Unsurprisingly, this is the first thing that your evaluator or any reader will see when they encounter your dissertation. It must contain important information that give the reader an idea of what they are about to look at.
Let’s spend some time to deconstruct this.
The format of the title page will surely differ to an extent, based on the journal of publication, university, and citation style used. But there are some common elements:
Title of the dissertation
Academic writing is objective and direct, so your title too should be such. Rather than going for a dramatic title, focus on letting the reader know what exactly they’re dealing with. Use keywords that highlight the scope, purpose and methods used in your research. For example:
A New Determination of Molecular Dimensions
The Difference Between the Democritean and Epicurean Philosophy of Nature
An Alternate Historiography of the Boer Wars
[If your dissertation has a subtitle, you may include that as well.]
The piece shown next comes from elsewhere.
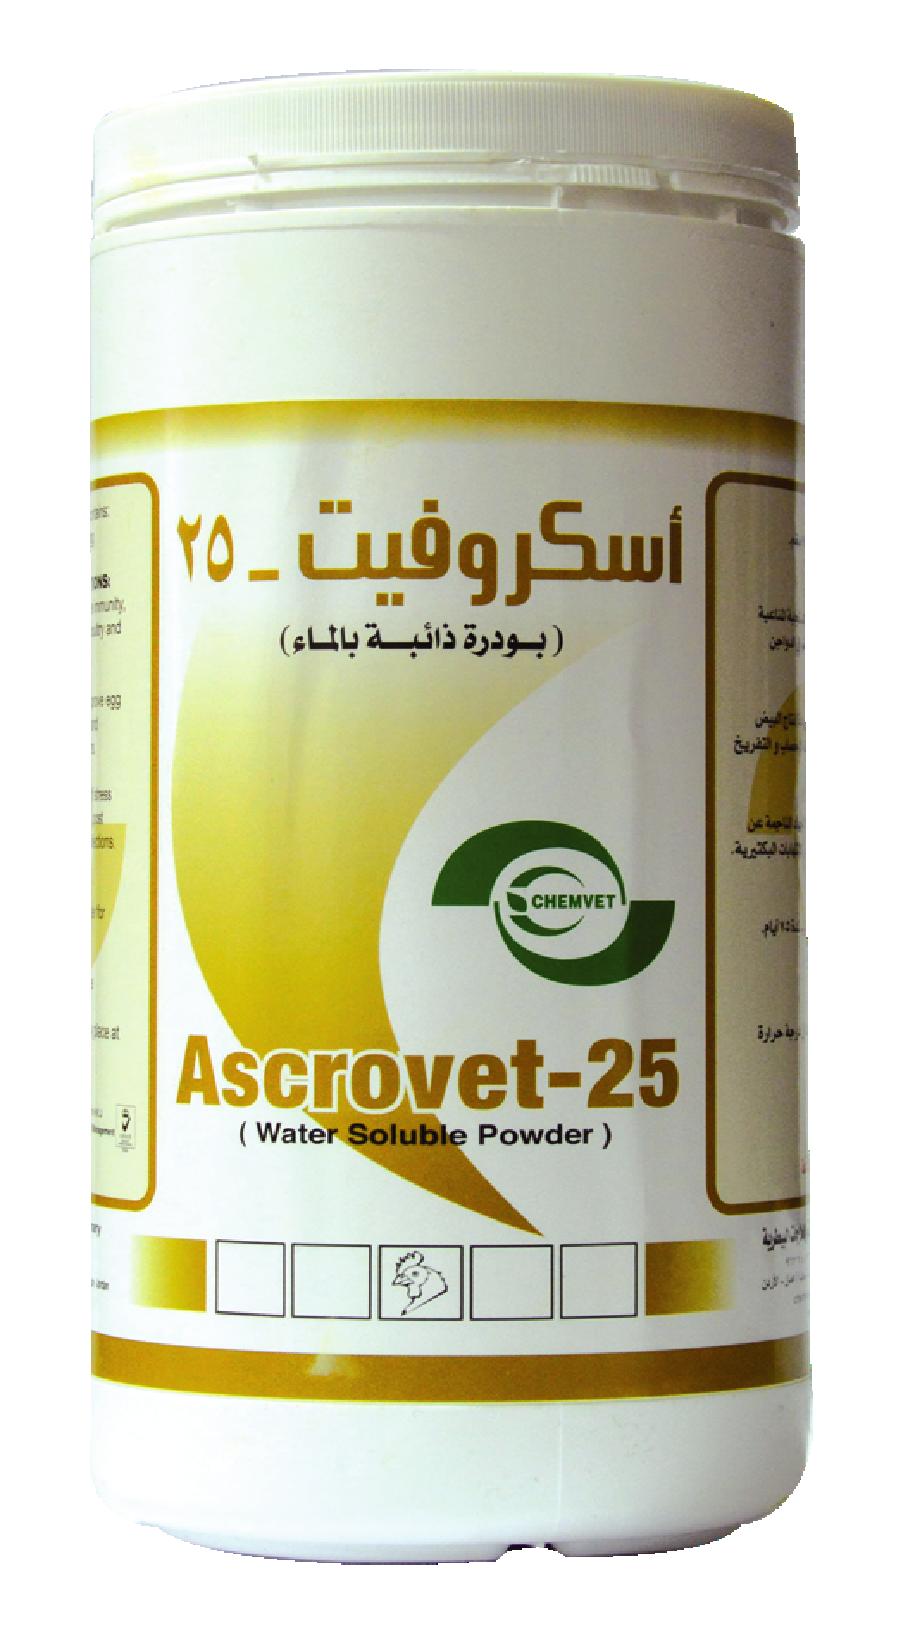 ASCROVET 25
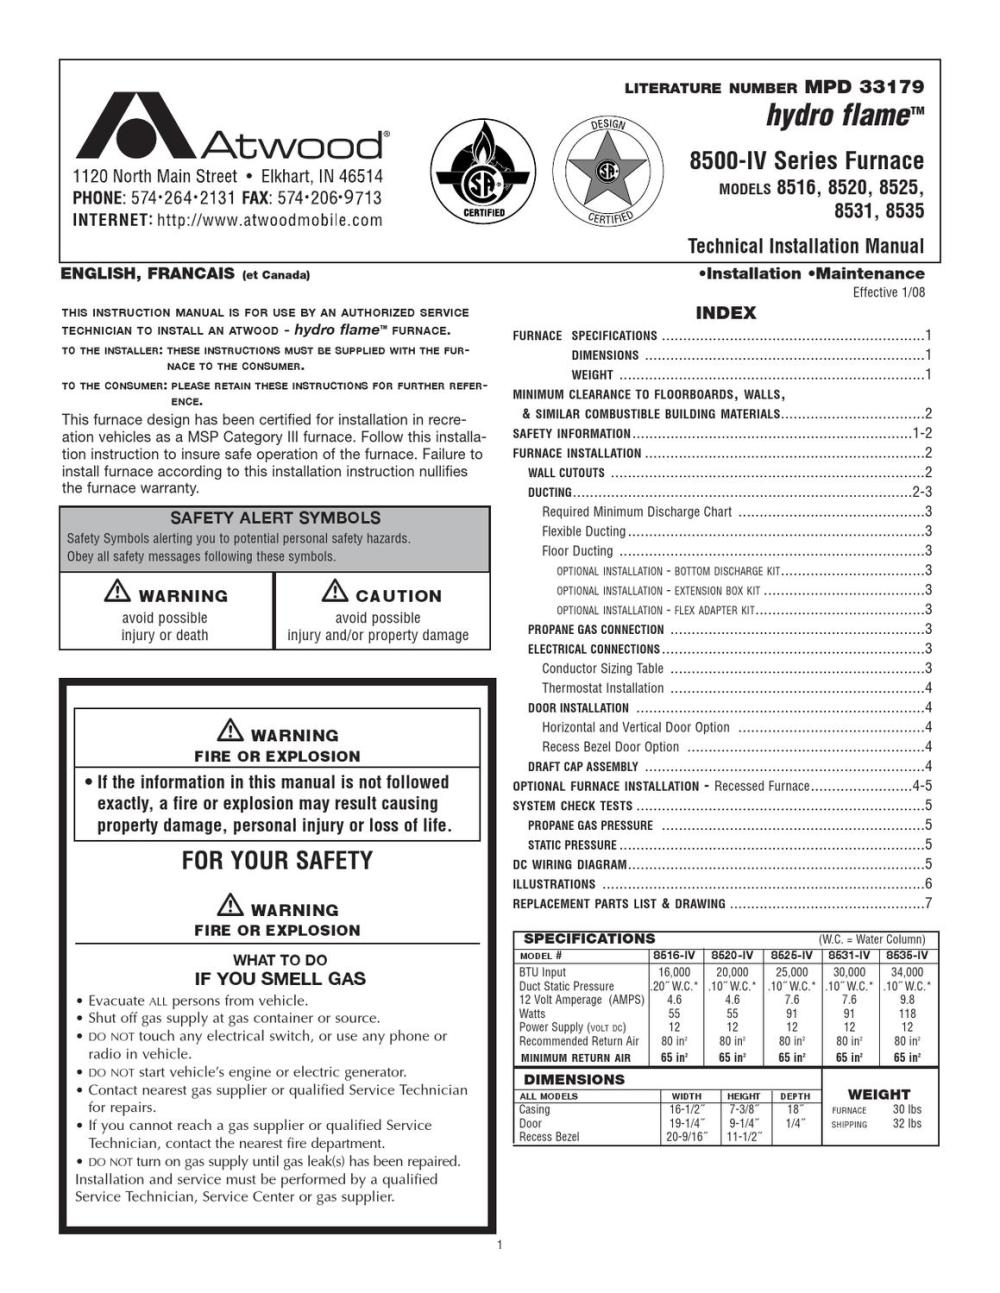 medium resolution of atwood hydro flame 8500 iv furnace install maintenance

Author information and affiliation
Your title page should also shed light upon you as the researcher, and your qualifications and affiliations. You will be expected to specify the following details
- The name(s) of the researcher(s)
- The name of the university and department that the researcher is affiliated with
- Year of submission
- The programme under which the dissertation was undertaken
Other optional elements that vary depending on specific guidelines
- Your primary advisor’s name
- The type of article
- Word count
- A brief description, in the form of an abstract.
No dissertation can be completed solely by one person. Surely, you’ve had help along the way; whether it’s through moral support or people advising you on the actual thesis itself. The acknowledgements section is when you thank all these people for supporting you from day 1. It is not just an expression of gratitude, but also a way to honestly assert that you had help along the way.
This section is one of the few points in a dissertation where you have the liberty to be personal. So feel free to use personal pronouns and wax poetic. There’s no right or wrong here, so long as you adequately acknowledge all the help you’ve received along the way.
Who can you thank?
- Your supervisor and other academic advisors
- Other researchers that you may have worked with (who are not credited as authors)
- Technicians and other administrative staff
- Students or interns who may have worked under you
- Peers and colleagues who may have helped you
- Friends and family
Include funding details
In additional to acknowledging the intellectual labor and moral support that helped you finish the dissertation, thank your financial backers. These include any grants or scholarships you’ve won, funding bodies, or even private donors.
How to write it
An acknowledgements section is usually just one page, and the length depends on the number of people you want to that. You don’t have to think too hard about an introduction or a conclusion, and you can simply begin by saying, “I’d like to thank” and elaborate on how they contributed to the project.